19th century American politician

Frederick O. Thorp (1833 – 1890) was an American lawyer, Democratic politician, and Wisconsin pioneer. He served six years in the Wisconsin Senate, representing Washington County from 1862 to 1868; he was president pro tempore of the Senate for the regular sessions of the 15th Wisconsin Legislature. He earlier served as district attorney of Washington County, and prosecuted the lynch mob in the George DeBar lynching of 1855. In historical documents, his last name is sometimes spelled "Thorpe", and his name is often abbreviated as F. O. Thorp.

His father, Hermon Thorp, was one of the earliest American settlers in what is now Kenosha County, Wisconsin, and also served in the Wisconsin Legislature.

==Early life==
Frederick Thorp was born about 1833, and came to the Wisconsin Territory with his parents about 1839, settling in the area that's now the Kenosha County, Wisconsin. After receiving an education and becoming a lawyer, he moved north to West Bend, Wisconsin, in Washington County. Shortly after arriving in West Bend, he entered a law partnership with John Shelley, who was then district attorney and would later become county judge.

==DeBar lynching==
In a spring 1855 special election, Thorp was elected district attorney of Washington County, running on the Democratic Party ticket. Shortly after his election, one of the few known lynchings in Wisconsin took place in Washington County. George DeBar was a 19-year-old laborer, who sympathized with the extreme anti-immigrant Know Nothing movement. On August 1, 1855, he attacked his employer—a German immigrant named John Muehr—along with his wife and another teenage farmhand named Paul Winderling; DeBar killed Winderling in the attack, grievously wounded Muehr and his wife, and set fire to the Muehr household.

The politically-charged nature of the killing excited the large immigrant community in Washington County, creating a dangerous environment and prompting an unusually speedy trial.

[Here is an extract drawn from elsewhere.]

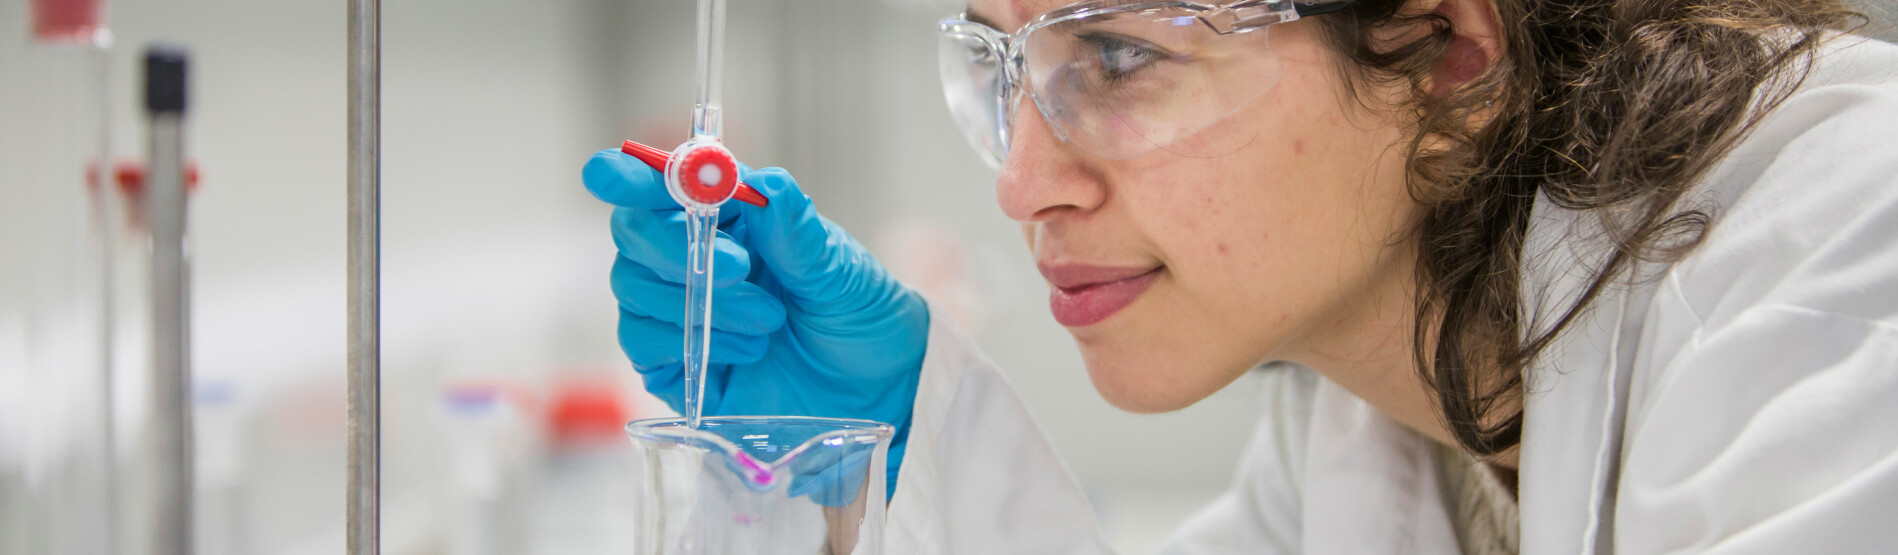 Female scientist examining test tube
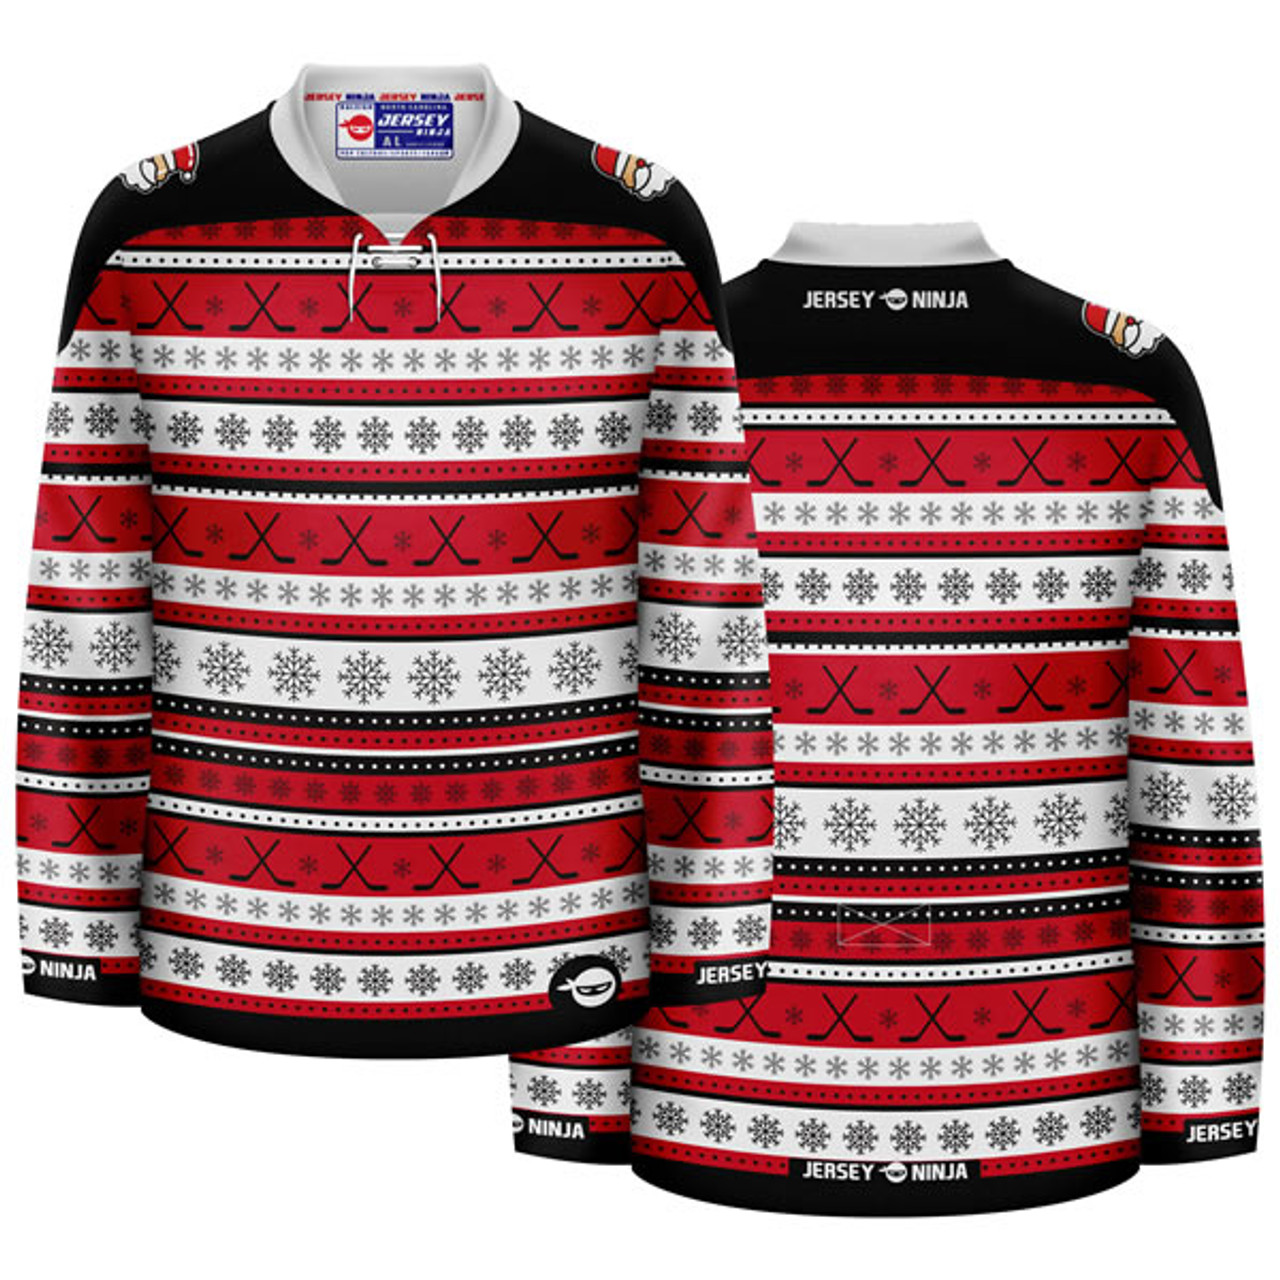 NHL Jerseys, Hockey Jersey Deals, NHL Breakaway Jerseys, NHL Hockey Sweater

A special session of the circuit court was held at West Bend on August 7, and Thorp quickly secured an indictment from the grand jury, with a jury trial scheduled to occur the following day. The sheriff brought out two escort companies of militia from neighboring Ozaukee and Milwaukee counties to attempt to safely escort DeBar to the jail for the night, but the sheriff's efforts proved insufficient. A massive crowd overwhelmed the guard, apprehended DeBar, beat him, crushed his skull with a stone, threw his body into the Milwaukee River, and ultimately hanged his body from a nearby bridge.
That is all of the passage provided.